__Available data__

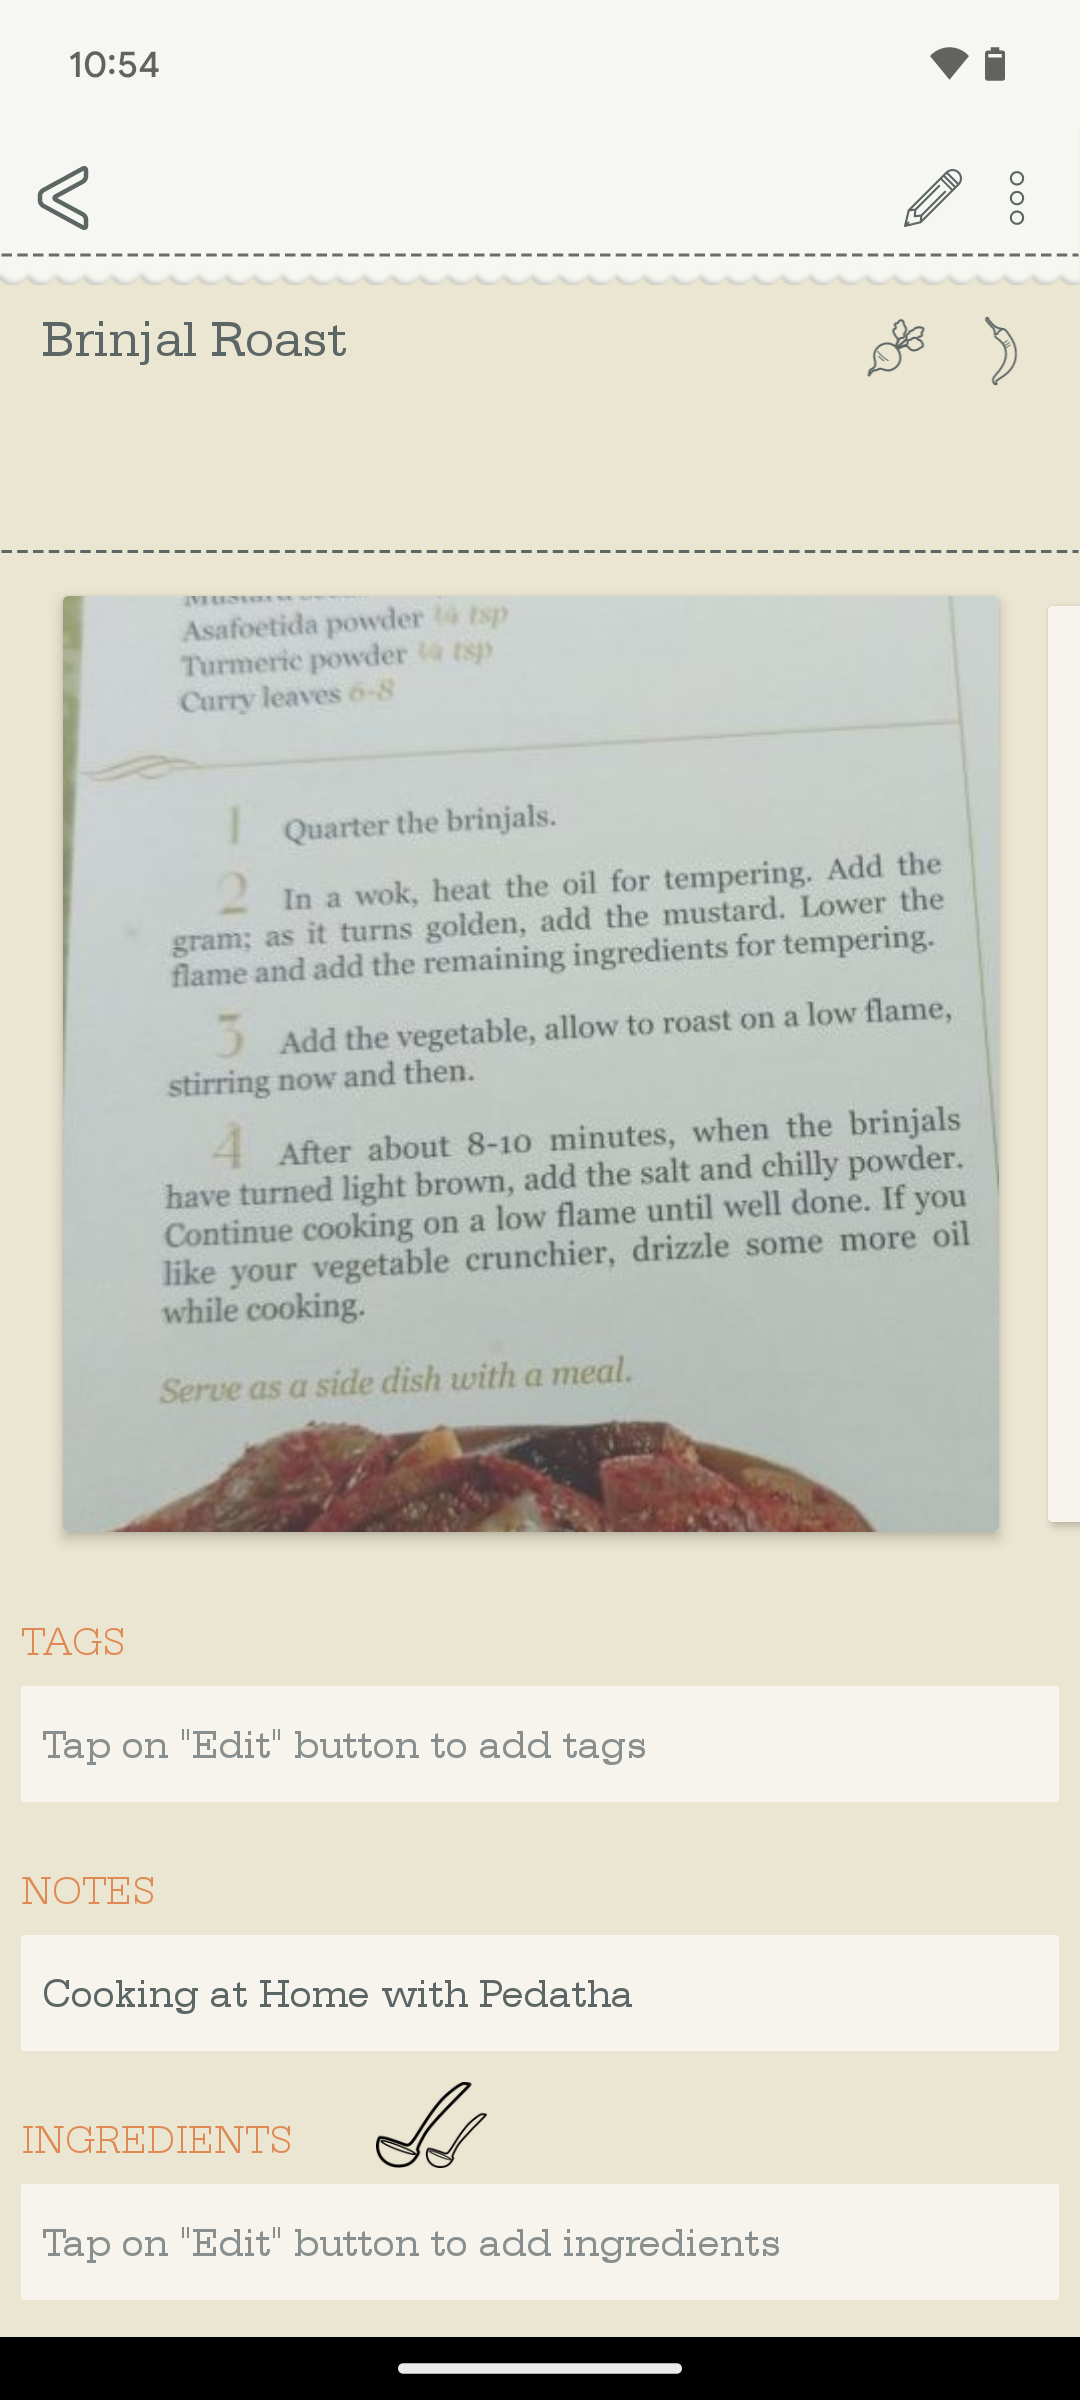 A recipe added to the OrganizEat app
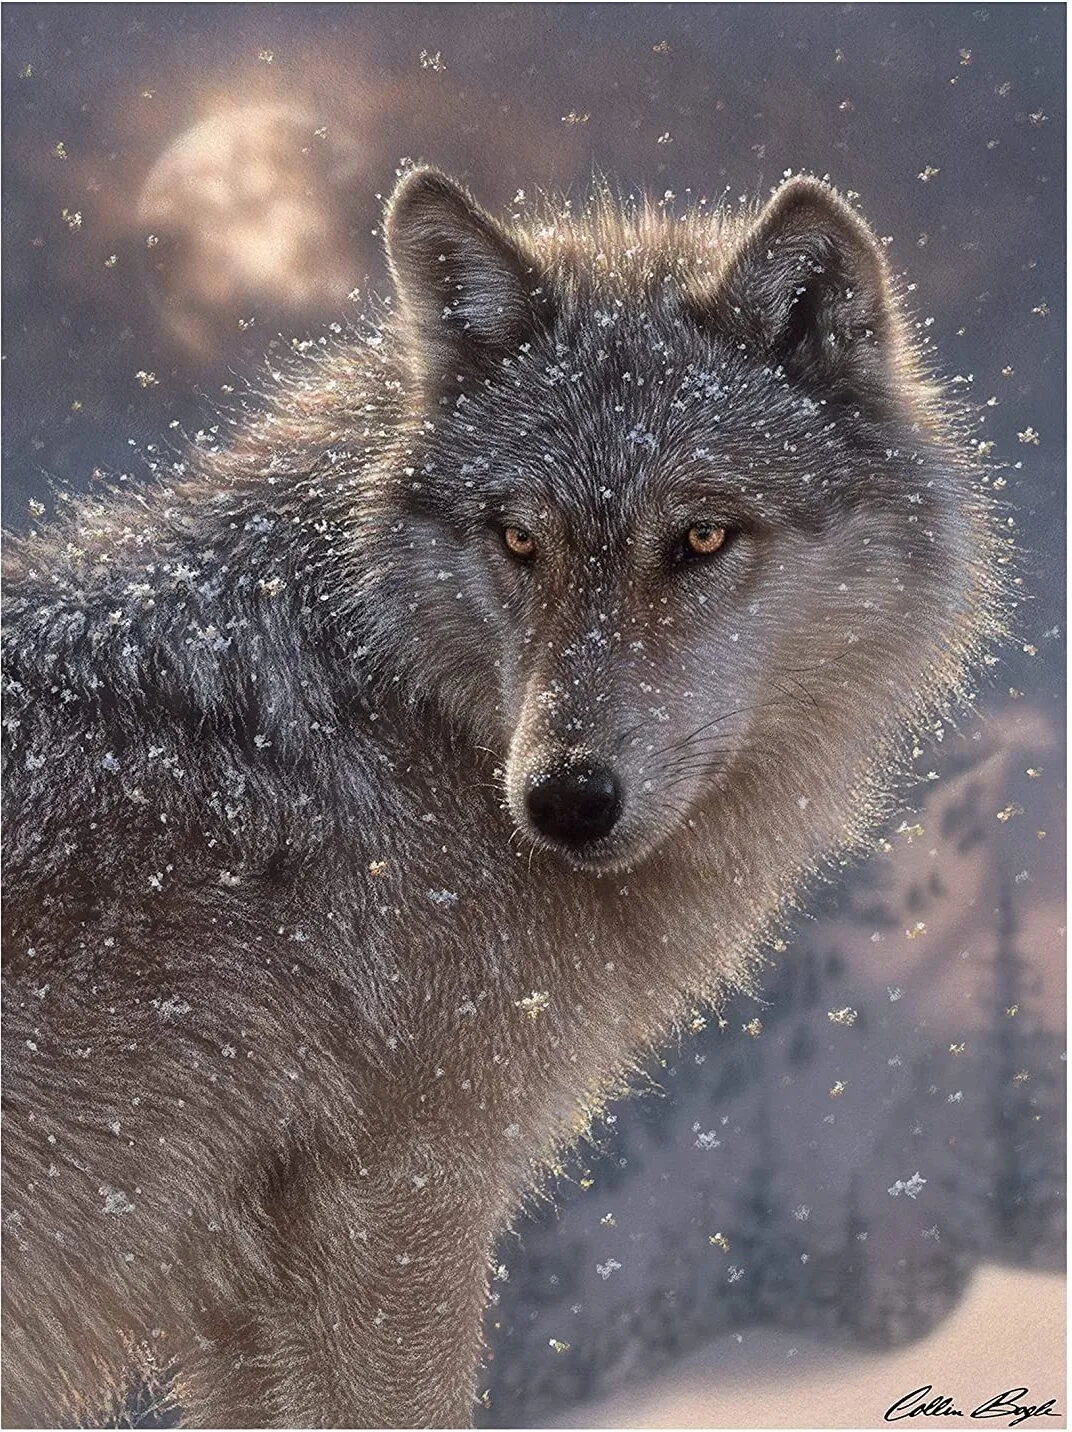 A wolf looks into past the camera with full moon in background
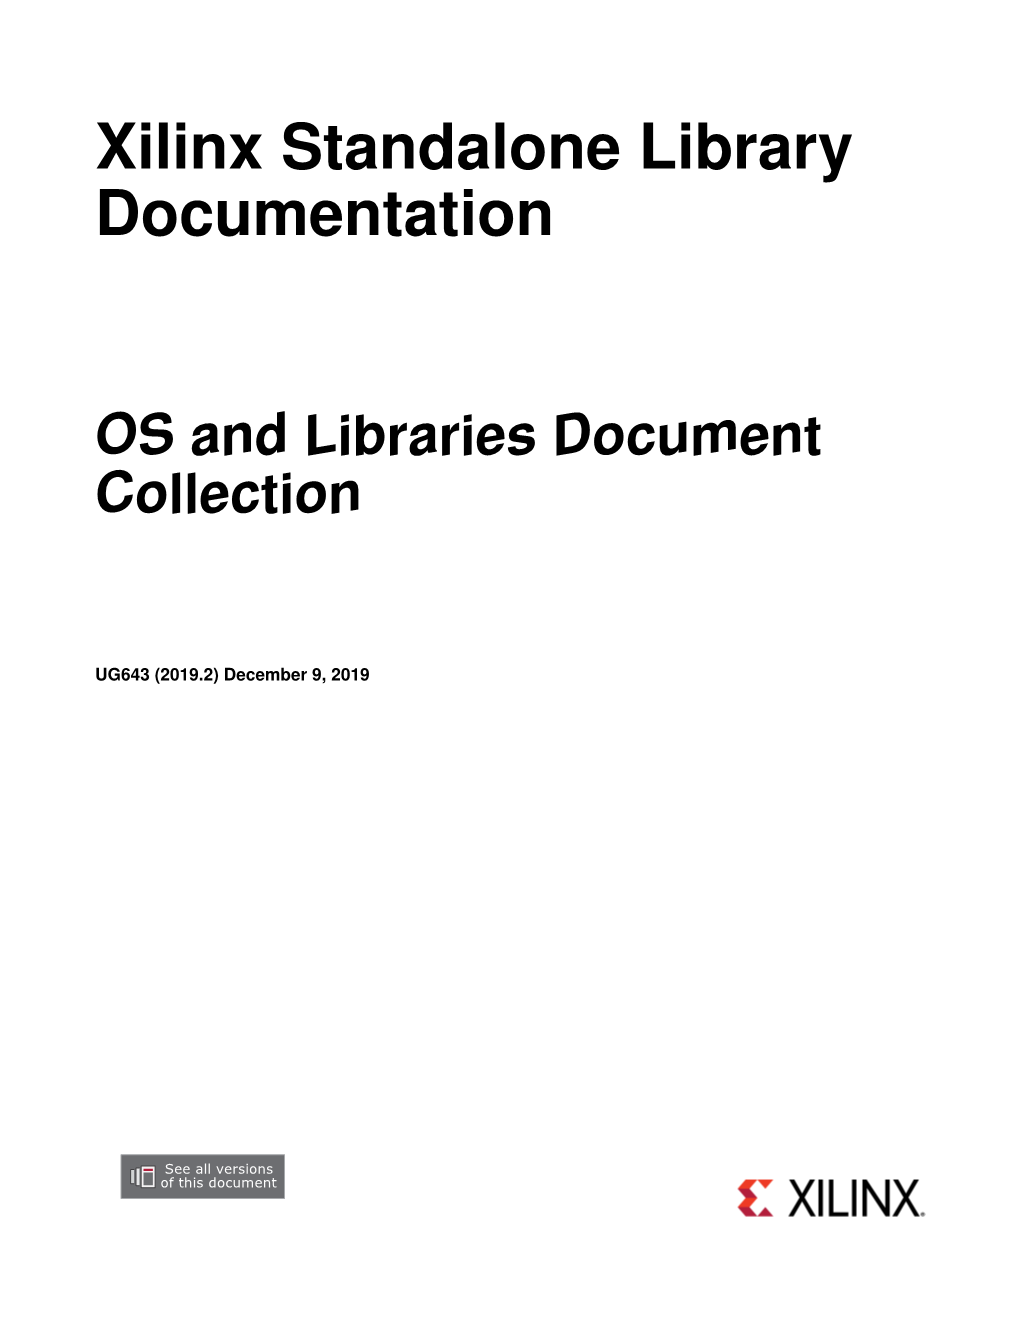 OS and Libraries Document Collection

__Prompt__
Set the material above down again word for word. Include none of its pictures.

__Result below__
 A recipe added to the OrganizEat app
 A wolf looks into past the camera with full moon in background
 OS and Libraries Document Collection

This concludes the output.